## Work order
Your copy starts at the line containing "Lampe de table" and ends at the last line below. Copy exactly, without pictures.

## Provided data
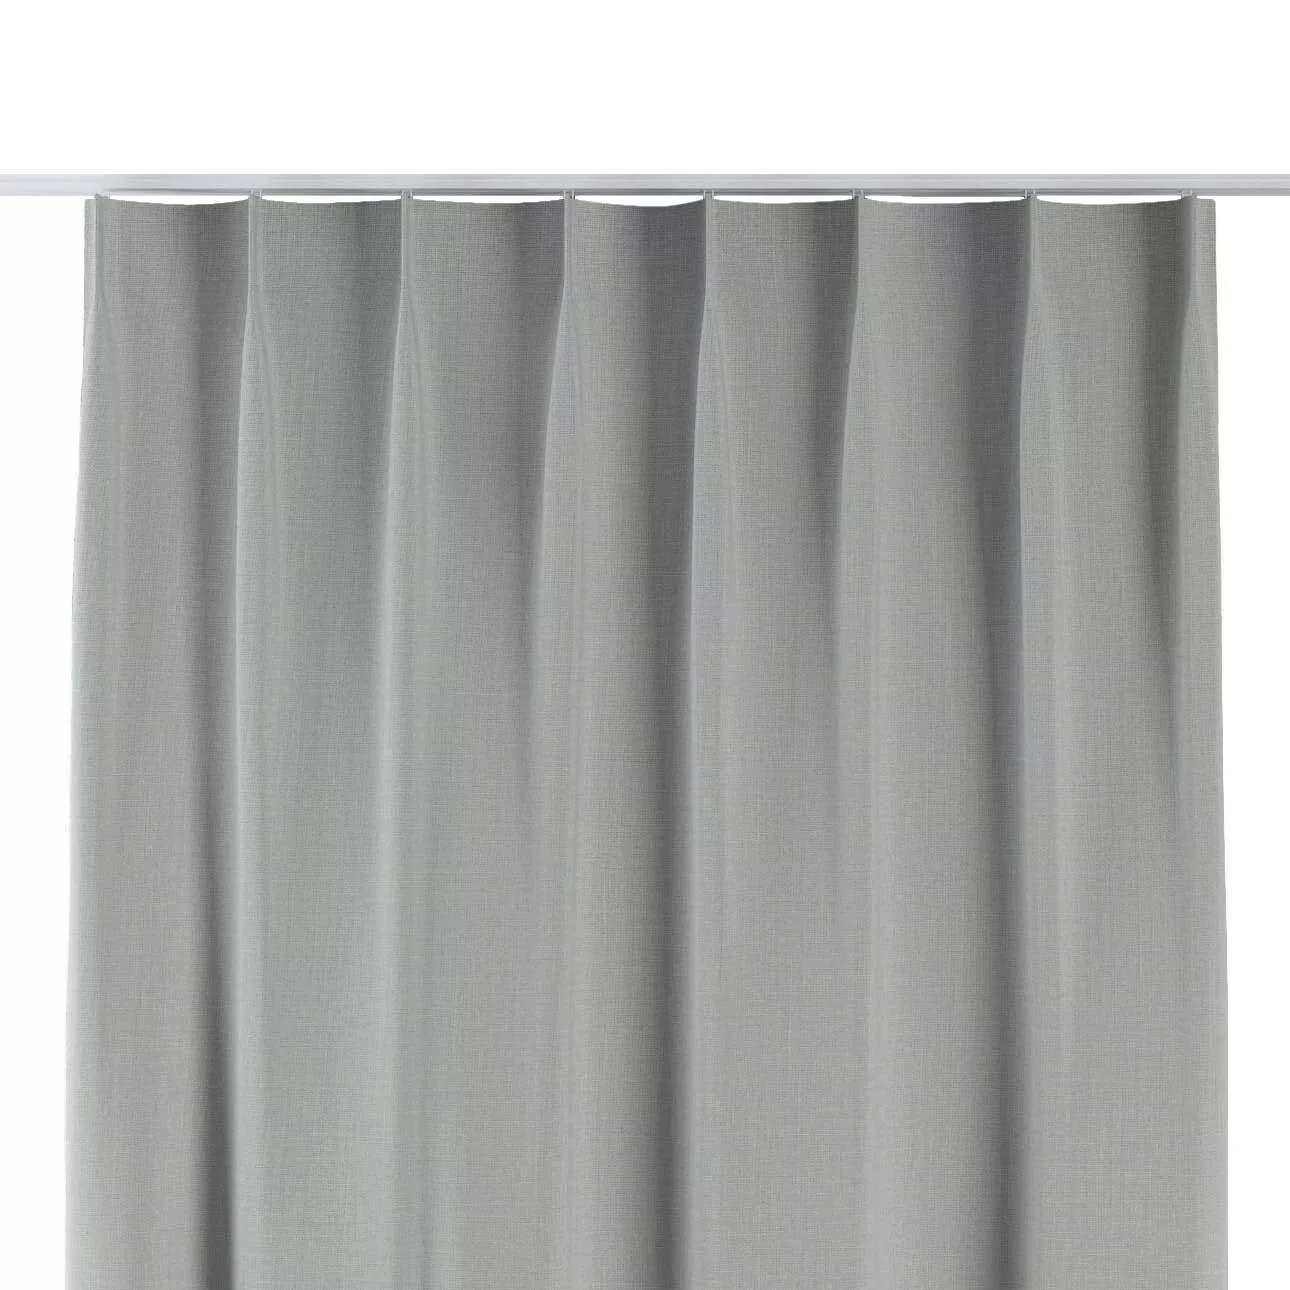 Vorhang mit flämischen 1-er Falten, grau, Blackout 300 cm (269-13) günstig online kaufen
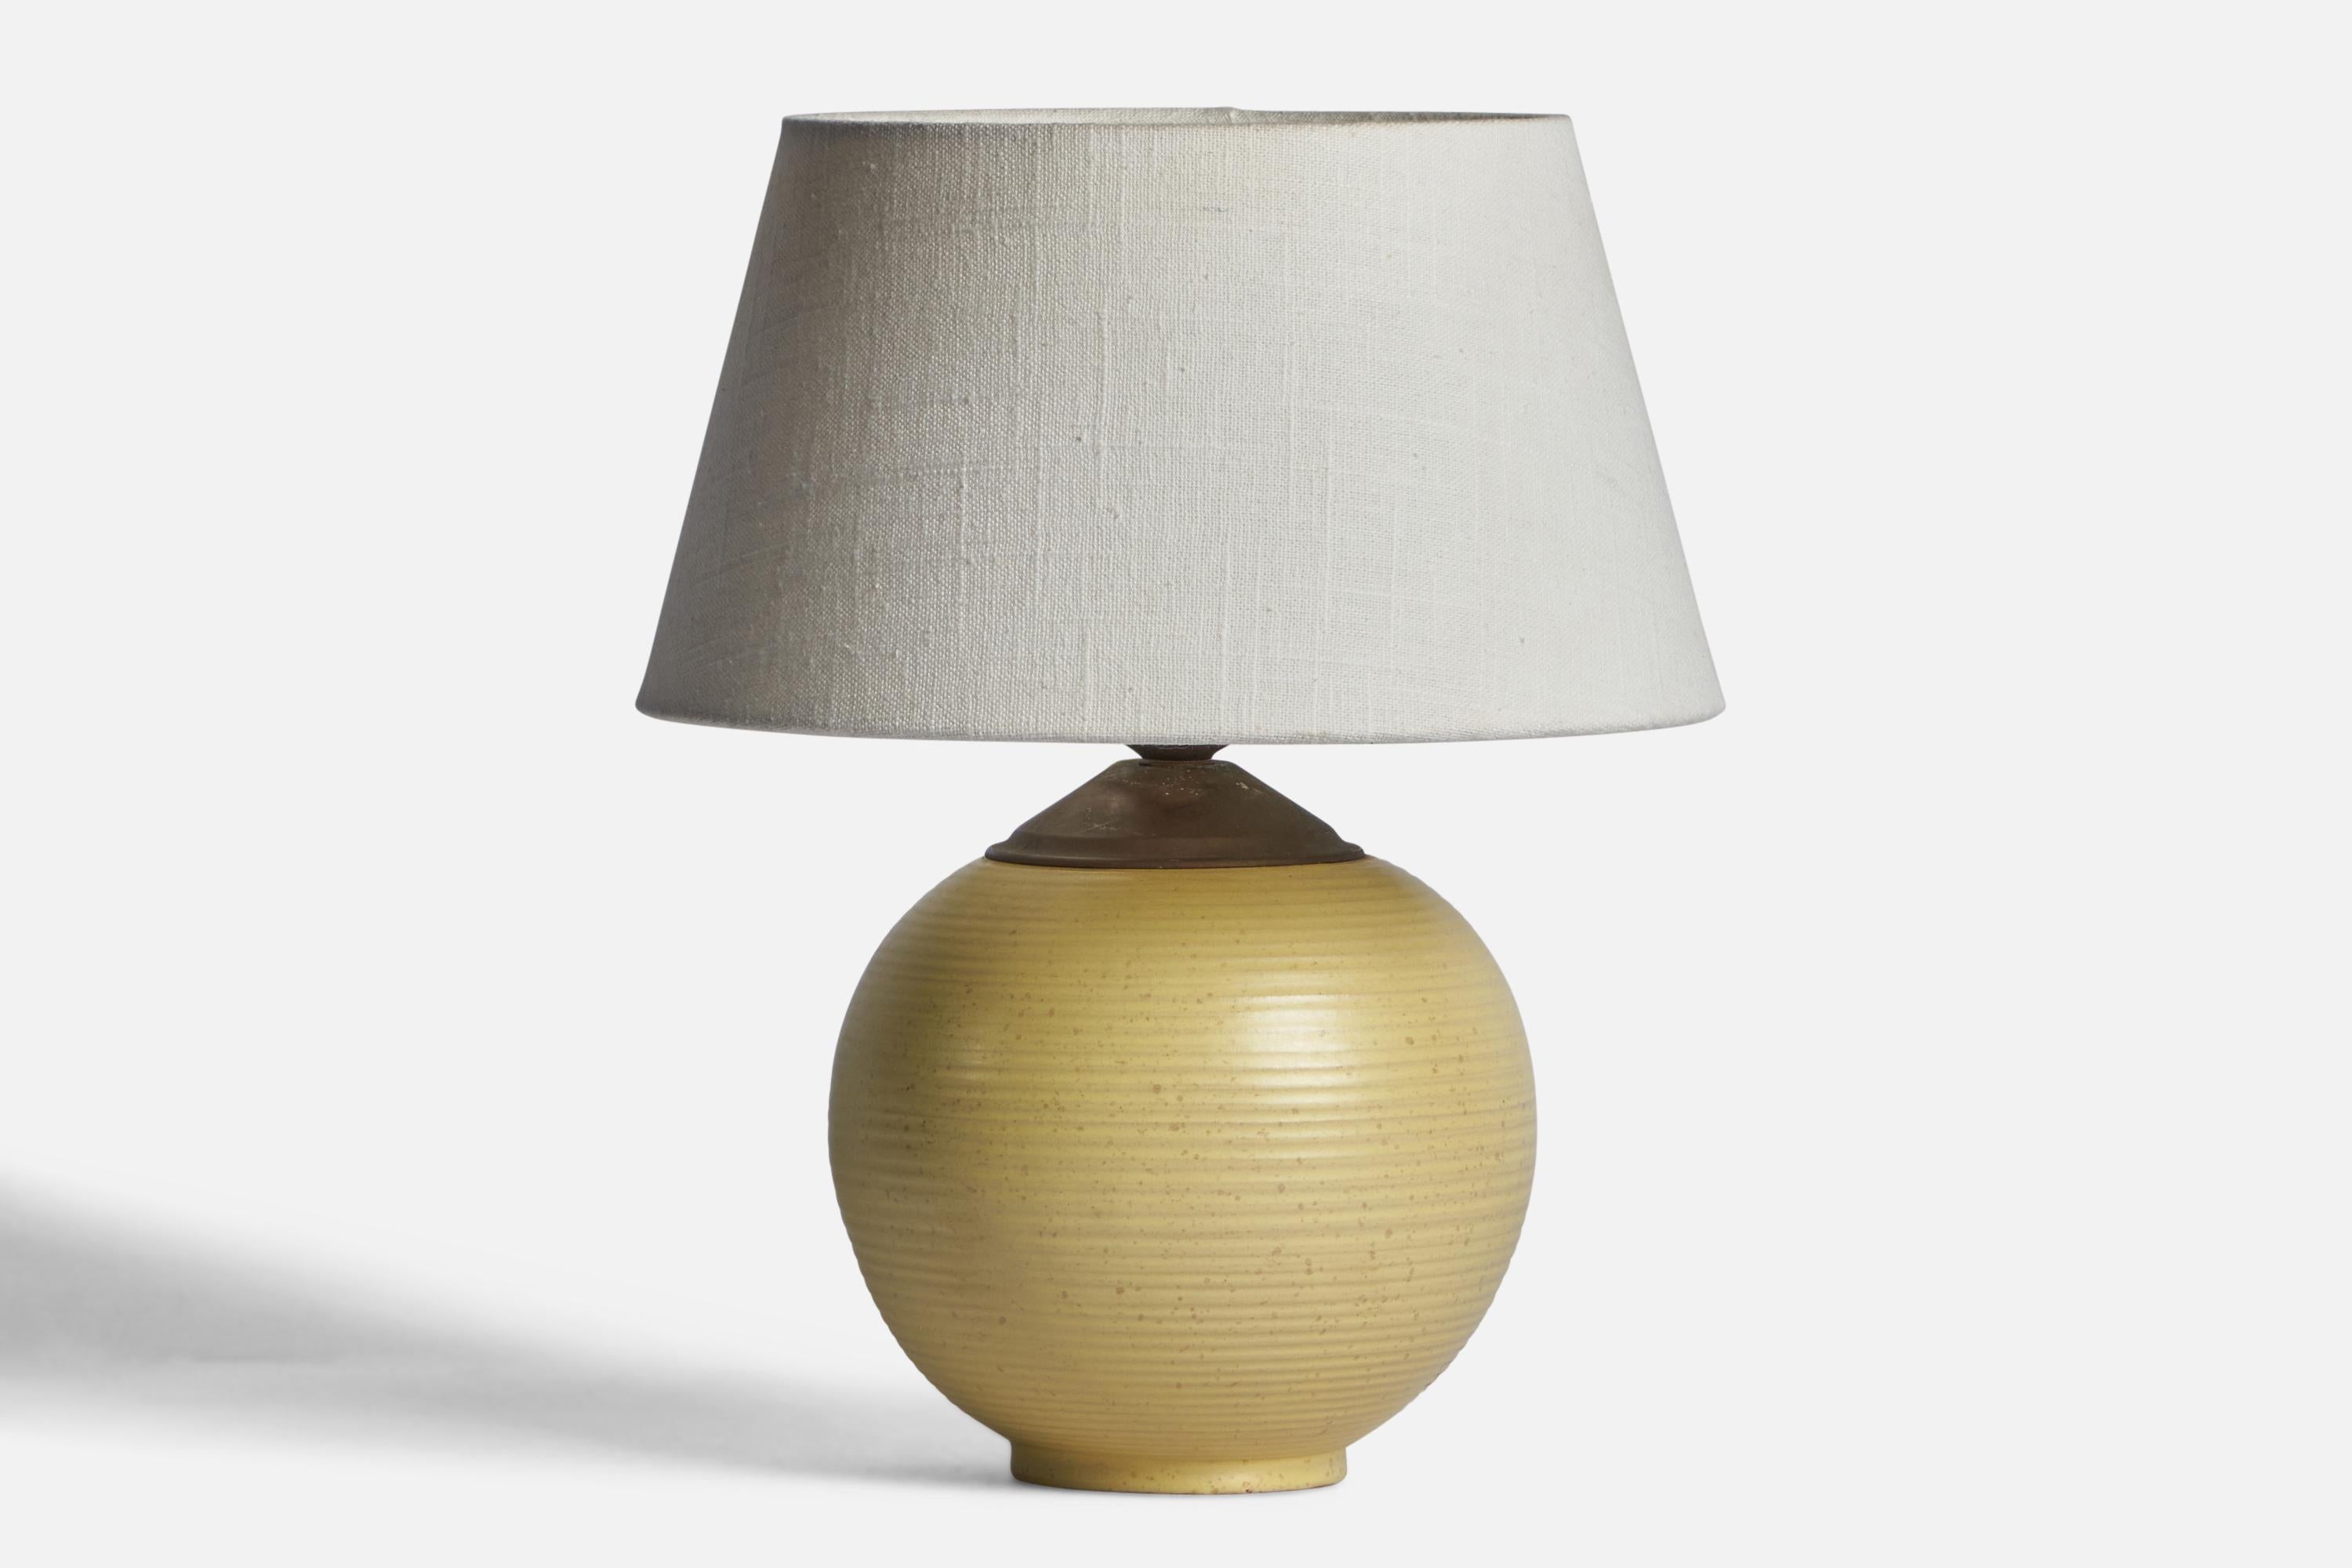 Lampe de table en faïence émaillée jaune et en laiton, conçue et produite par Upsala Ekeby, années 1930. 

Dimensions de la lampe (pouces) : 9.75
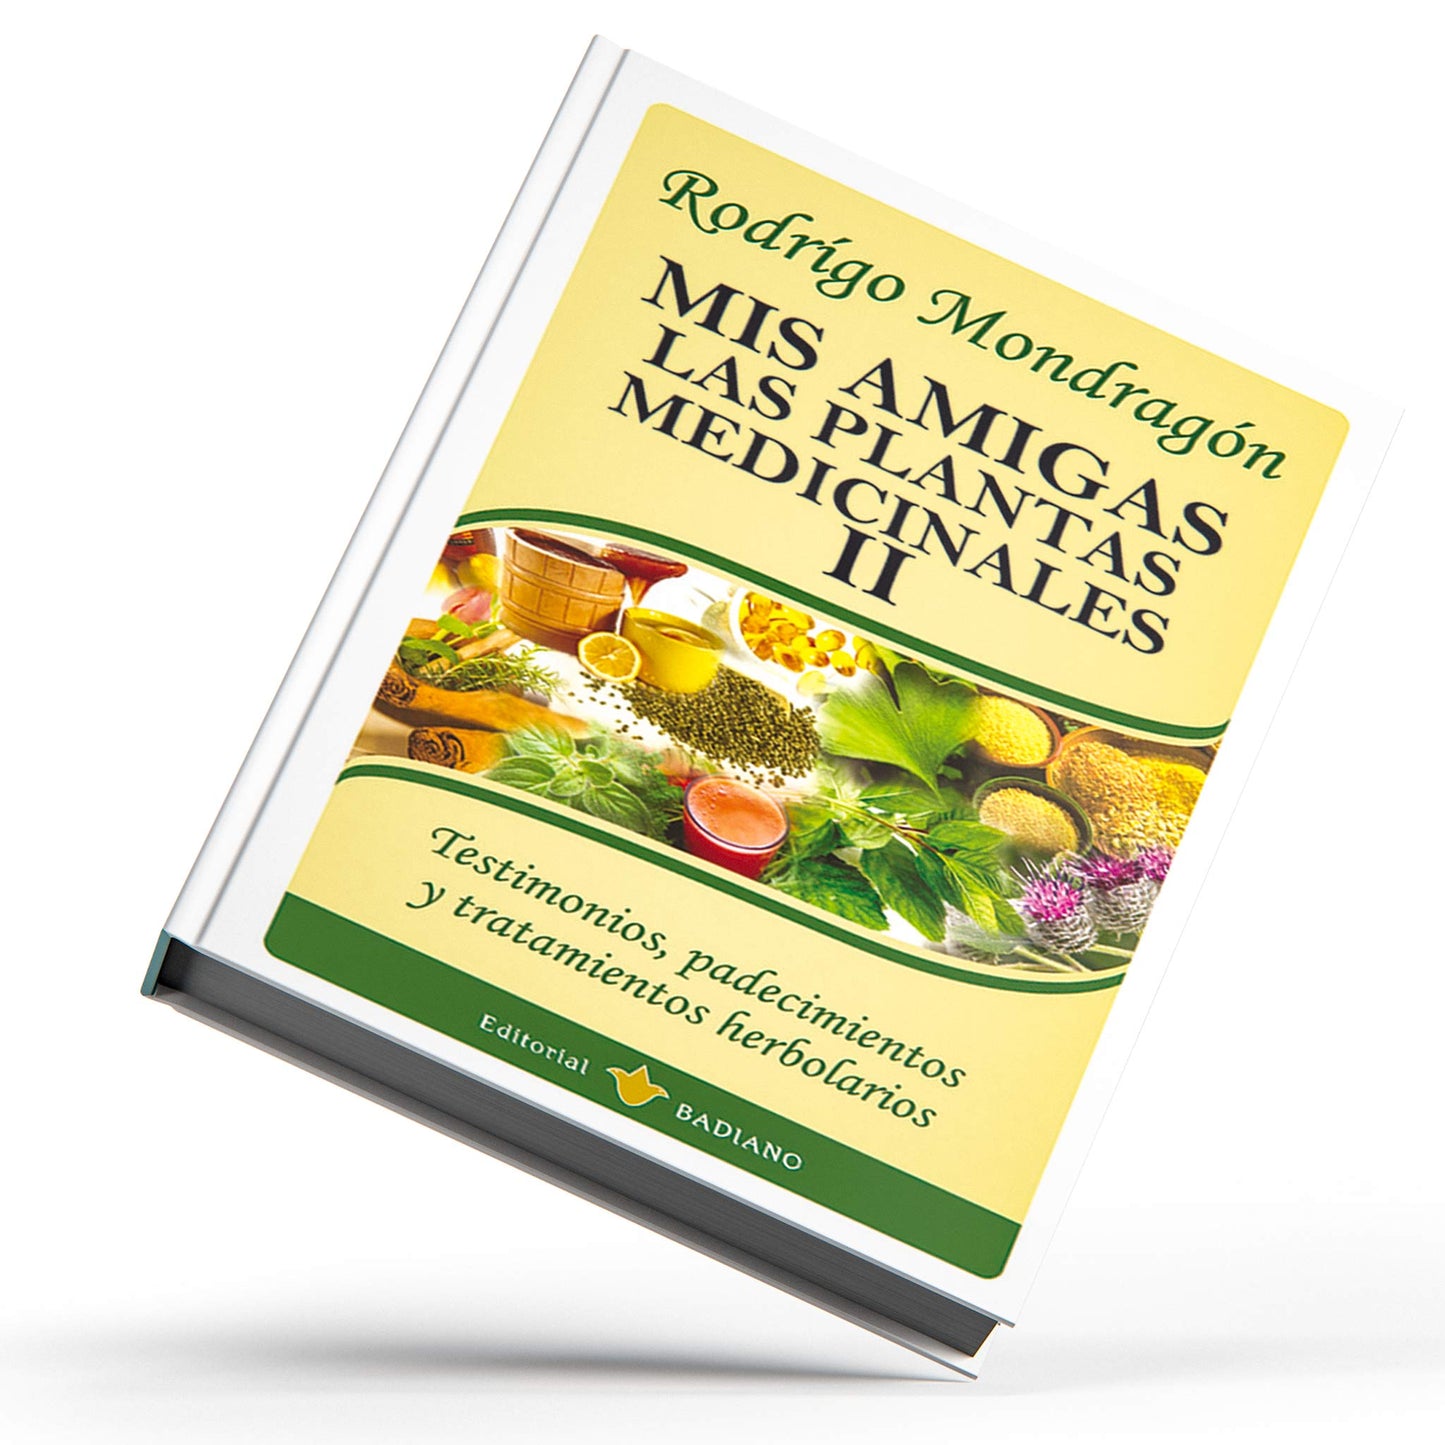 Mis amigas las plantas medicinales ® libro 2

## Finished task
 Lampe de table en faïence émaillée jaune et en laiton, conçue et produite par Upsala Ekeby, années 1930. 

Dimensions de la lampe (pouces) : 9.75
 Mis amigas las plantas medicinales ® libro 2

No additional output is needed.